[LWN Logo]

Date: Sat, 7 Aug 1999 17:41:46 -0600
From: Victor Yodaiken <yodaiken@rtlinux.com>
To: yodaiken@fsmlabs.com
Subject: [rtl] A design document for comment

As some of you may have noticed, we have a commercial venture that is now paying for most
of the core RTLinux development. Now I feel like I need to make more of an effort to 
open the design and development process. Kind of paradoxical, but what the hell. 


--------------------------- 

An explanation of the RTLinux V2 API and  some development notes
(c) Victor Yodaiken 1999. All rights reserved. 

THIS is a set of discussion points and possible plans and nothing
in here is a promise of any sort. Some of this is implemented, some
not.  If you have comments or, better yet, code or test results, I want to know.

With V2 and the Beta5+ betas, RTLinux is 
is moving towards compatibility with the POSIX RealTime 
specification by following the POSIX "single process" model of a
realtime system. The other major changes is a cleaning up of SMP
support and addition of a framework for I/O.
The reasons for adopting POSIX-like APIs are that this is an existing and
not terrible API, many users asked for it, and rather than extending the
original API to deal with the complexities of multiple clocks, cross
cpu operation, I/O, and multiple processor architectures,
we thought it would be more reasonable to 
move to a more powerful API. HOWEVER!!, we were hesitant to adopt
POSIX because two  of the most important features of RTLinux are that it
is simple and fast. We were not willing to compromise these features for
POSIX compatibility, and the POSIX API is enormous and complicated.
Fortunately, POSIX has provided a "minimal" system specification that
is acceptable for our purposes and we have moved towards that standard.

We have made an effort to distinguish between GOOD POSIX and BAD POSIX.
GOOD POSIX is sensible and fits our core API well. BAD POSIX is slow, ugly, and 
an offense against all right thinking. GOOD POSIX will be supported natively.
BAD POSIX will be supported either by add on modules or by modules written
by someone else. The key is that users will not be forced to use BAD POSIX or to
pay a performance penalty for those users  who freely or otherwise
choose to use BAD POSIX.
We also have made an effort to make is relatively easy to emulate the RTL environment
from within a standard Pthreads environment so RTL code can be debugged in user mode
as much as possible.



Specifications in this note
are drawn from P1003.13 Draft 9 of the POSIX "Draft Standard for 
Information Technology -- Standardized Application Profile --
POSIX Realtime Applications Support (AEP)." (IEEE Std P1003.13-1999x)
and from the Single UNIX Specification available from http://www.opengroup.com.

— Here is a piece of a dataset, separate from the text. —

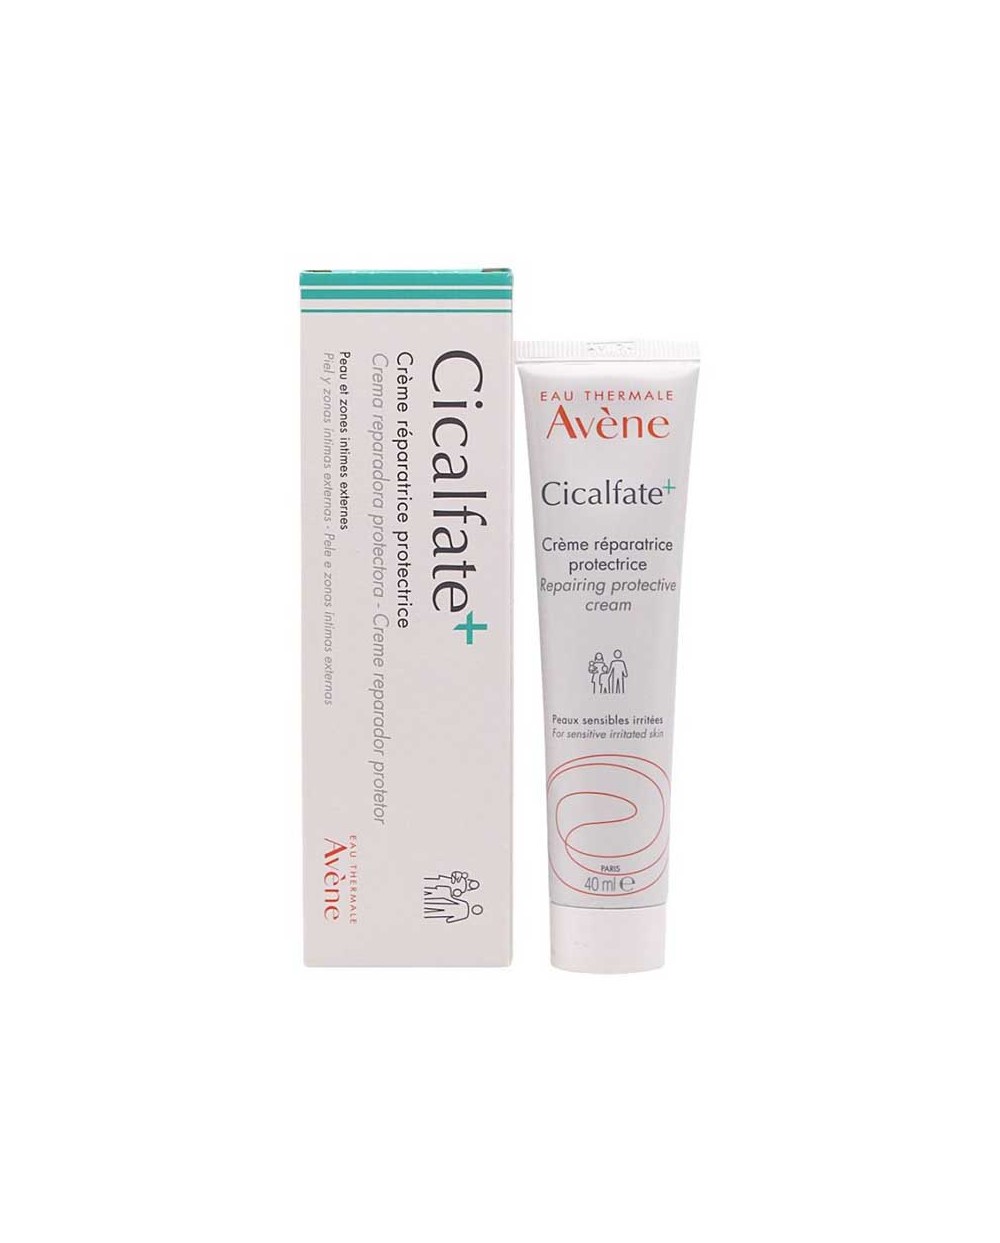 Cicalfate+ Avène crema reparadora piel y zonas íntimas externas – 40 ml.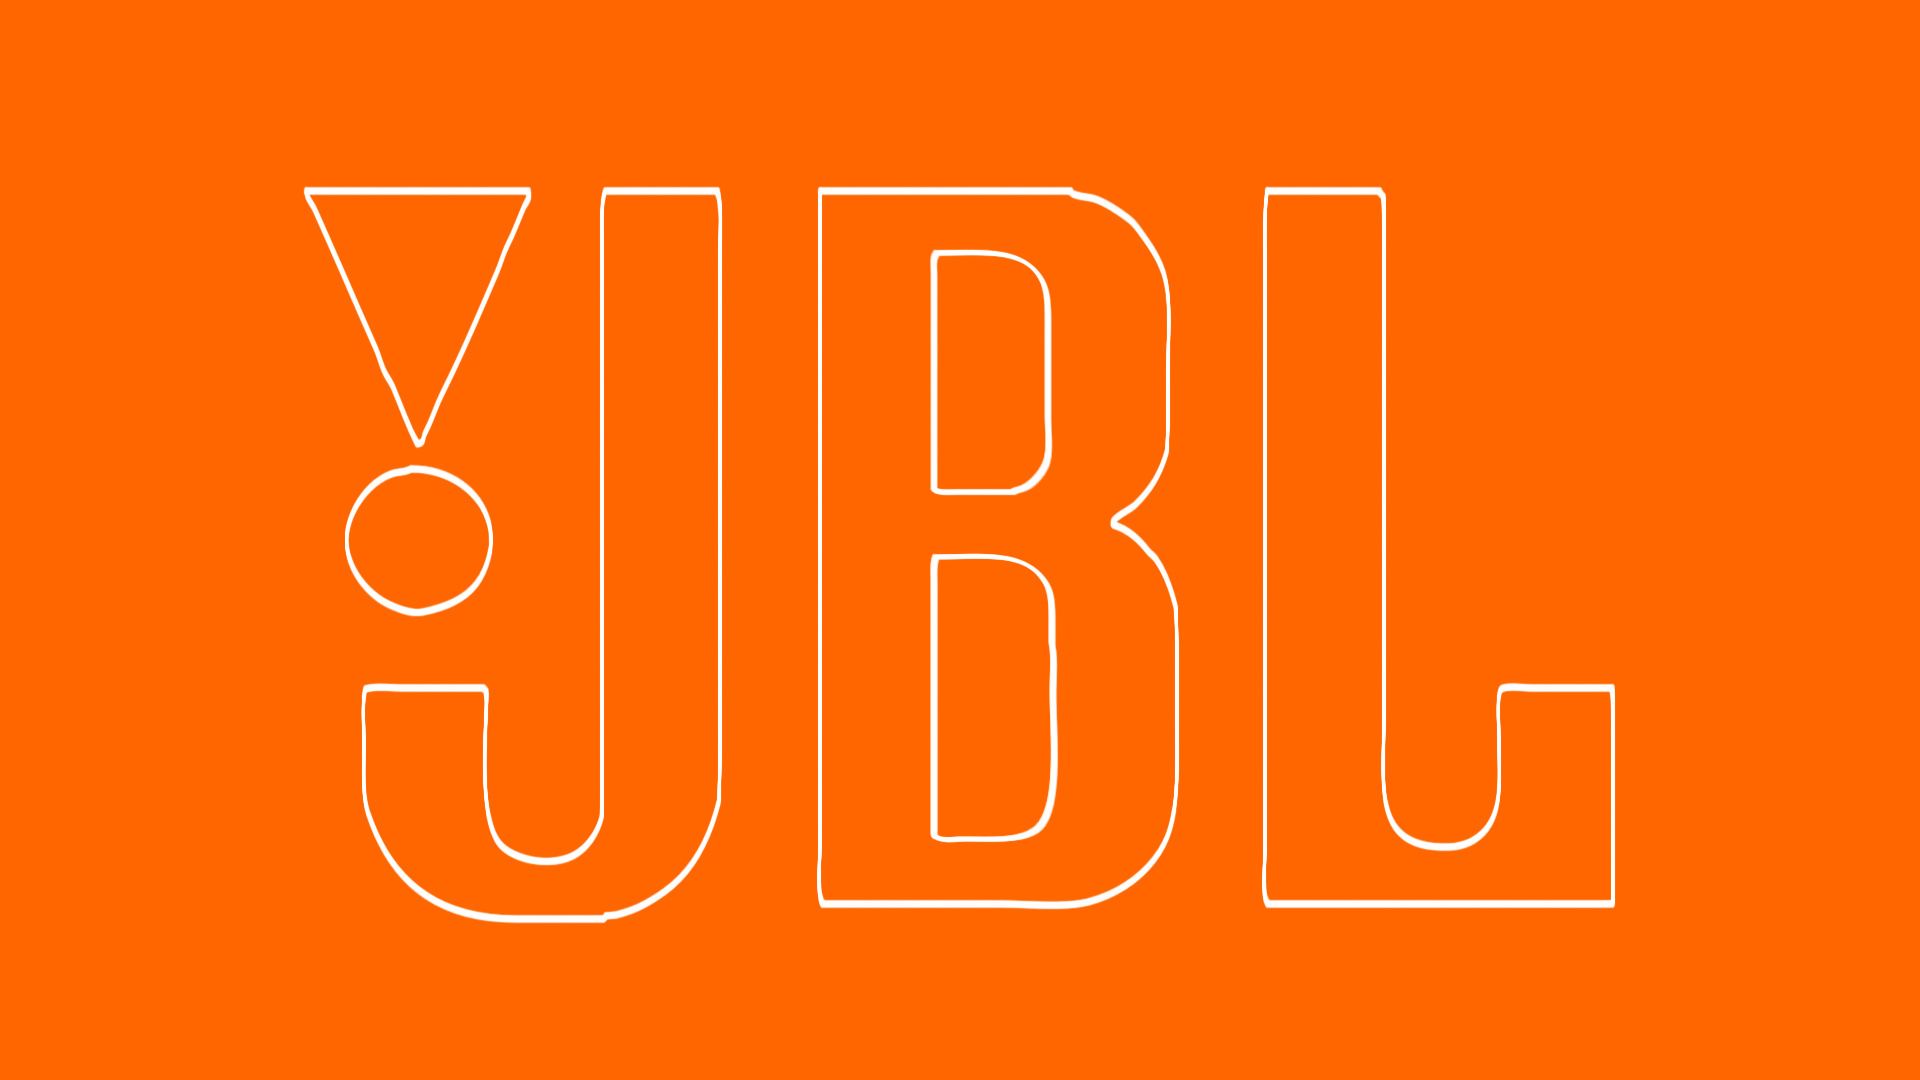 JBL cartoon logo, HD wallpaper, Background image, Graphic design, 1920x1080 Full HD Desktop

Much of what is commonly understood to the POSIX realtime standard is aimed towards
"soft realtime" operating systems and is not suitable for a hard realtime operating
system like RTLinux.
The POSIX Draft standard identifies, in section 6, a "Minimal Realtime System
Profile" (PSE51) intended for hard realtime systems like RTLinux. 
The "rationale" given is that  "the POSIX.1c Threads model (with all options enabled,
but without a file system) best reflected current industry practice in certain
embedded realtime areas. Instead of full file system support, basic device I/O (read,
write, open, close,  control) is considered sufficient for kernels of this size.
Systems of this size frequently do not include process isolation hardware or 
software; therefore, multiple processes (as opposed to threads) may not be
supported." (Page 36).

RTLinux supports POSIX Pthreads calls via the scheduler module. V2 RTLinux also
adds a new "timer" module. 
The timer module provides interface to _hardware_ timers.
The default scheduler under Beta11 and beyond
provides a model of a single realtime process with multiple
threads, sharing a single address space. The process consists of the scheduler
and some number of realtime threads.  So each scheduler instance is a single
process. In a SMP environment, RTLinux will support multiple schedulers -- one
on each processor. These "processes" do share address space, but are logically
distinct. RTLinux does not provide any support for moving threads from one
"process" to another or for controlling threads in one process from another
process. Such functionality is easily obtained, if needed, by using the
primitives described below.

There is also an under-construction new module called POSIX_io that will
provide a standard POSIX interface for drivers. More on this below.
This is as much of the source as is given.